Retirement income could be one of the pension buzz phrases of autumn 2007, as the Government announces the results of its review into the annuities market.
This dates back to December, when the Treasury published its Annuities Market report, giving the Government's verdict on the annuity market, and where it believed improvements were needed. The next step was putting together an informal group to look at this area, headed up by the Treasury and the Department for Work and Pensions (DWP), but including interested parties such as FSA, consumer groups, and the ABI.
The review group was originally tasked with investigating why more people didn't exercise their open market option at retirement. The review wanted to increase the number of people choosing this action from the current level of around a third. It also wanted to make sure people make informed choices about annuities and to increase the number obtaining the best rate for their given choice of annuity.

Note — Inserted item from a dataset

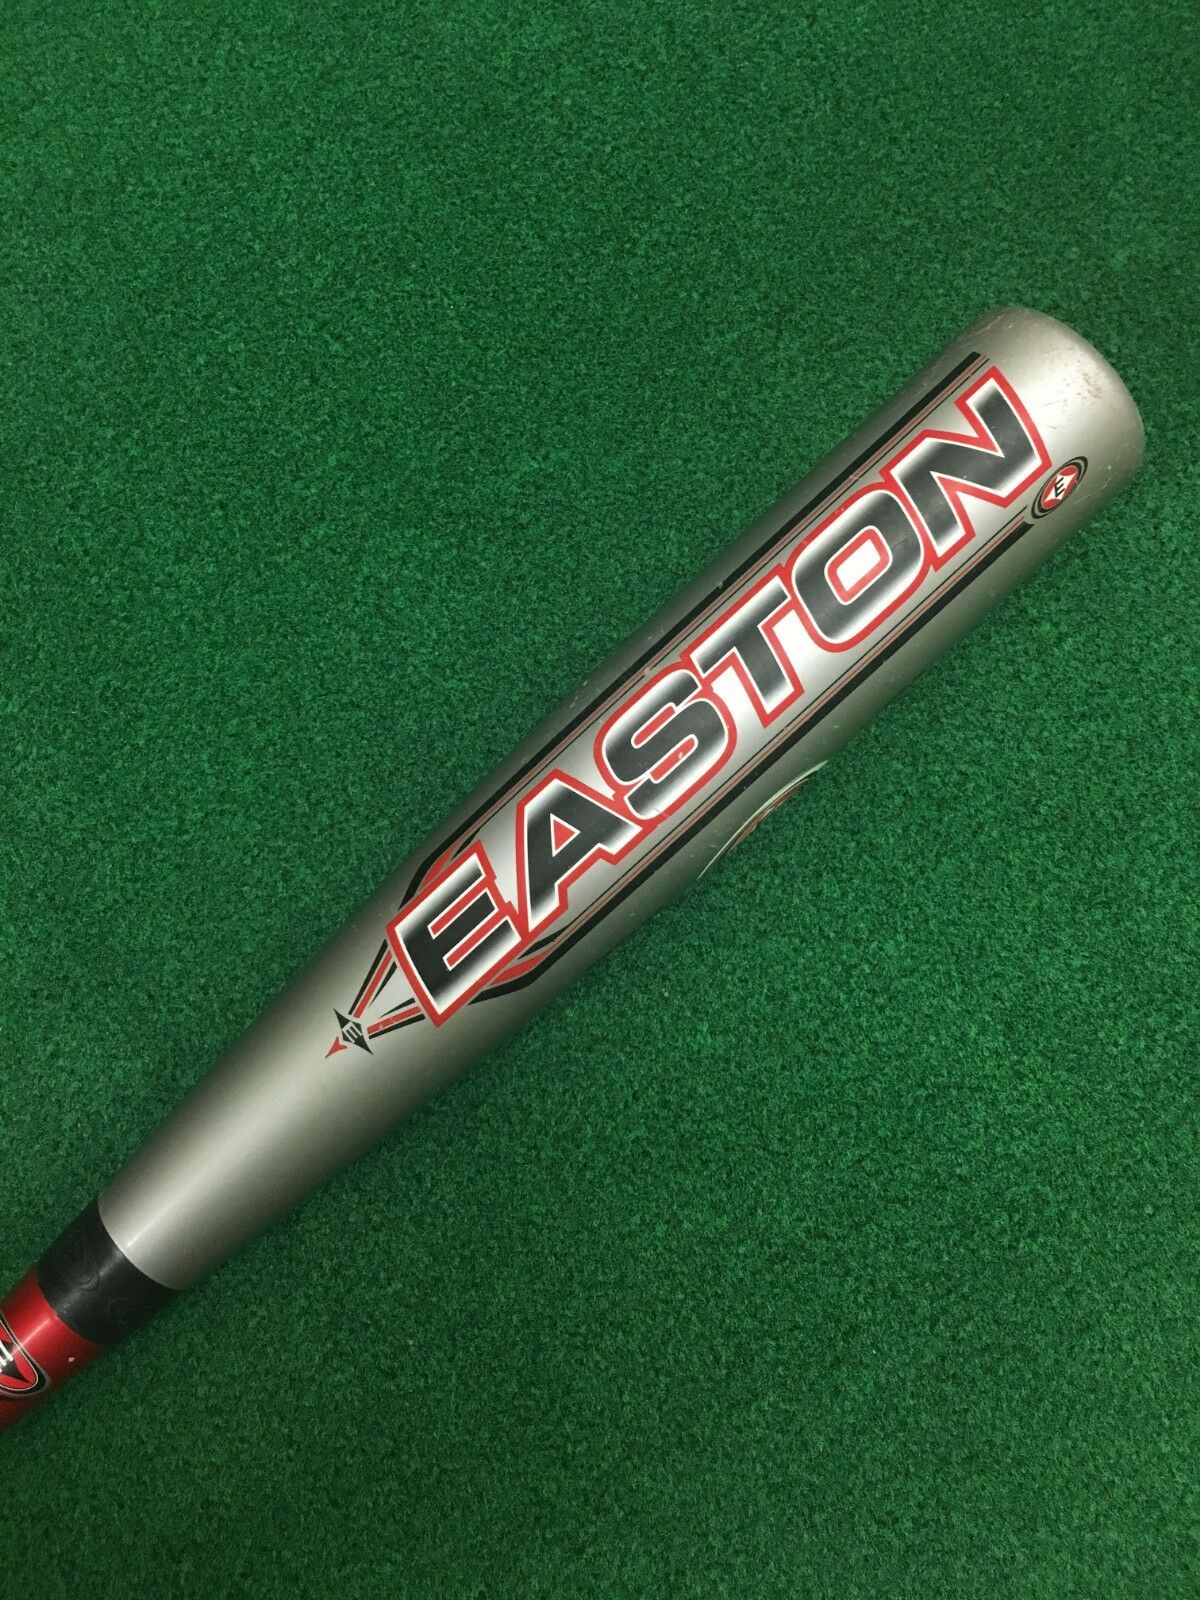 EASTON ROTLINE BT360 BESR -3 BASEBALL BAT 32/29 DROP -3 BESR 2 5/8

In answering this brief, the review could come up with a range of solutions. The emphasis appears to have moved to how people make decisions about their retirement income, with the emergence of a two-stage structured process. During the first stage, the type of annuity is selected (for example with escalation or on a joint basis). The second stage considers which provider to buy the annuity from. Of course, advisers will be used to this approach. This 'assisted sale' holds many benefits for people buying their retirement income.
The Government's concern is not enough people are seeking help, and relatively few use the open market option. However, people don't just need more information; they need the financial capability to understand the choices.
The fact that only a third of people use the open market option isn't an indicator that only a third of people have considered it. Annuities are a highly competitive area. Although people may have the opportunity of buying their annuity with a provider whose rates are only, say, fourth ranked, this may not be reason on its own to move to the most competitive provider on the list. Moving annuity provider takes time and effort, from all parties involved, even when advisers are involved. It's possible that taking an open market option means the first annuity instalment is missed, and all this for the sake of only a few pence increase in the monthly payment.
The Government's concern with annuities matters. Partly because this is a booming market. In 2006 400,000 annuity policies were set up, worth £9bn. Watson Wyatt recently predicted this could increase by 50% to a market worth £14bn in 2012. This is also an area where Government wants members to receive the best annuity rates possible.
Unfortunately, life doesn't work like that. Different providers will be competitive in different parts of the annuity market. However, there may be some who do not want to be competitive.
Exerting too much control leads to lack of innovation, and the annuities market needs new ideas and concepts. The number of people seeking solutions is growing rapidly, but people's needs are also changing. As the baby-boomer market begins to retire, they will want to see more choice and flexibility over their retirement income to meet their demands.
Annuities - and all retirement income solutions - are going to be an exciting part of advisers' future. This autumn could be the time to set the framework in place, to make sure we can evolve as an industry to meet our customers' needs.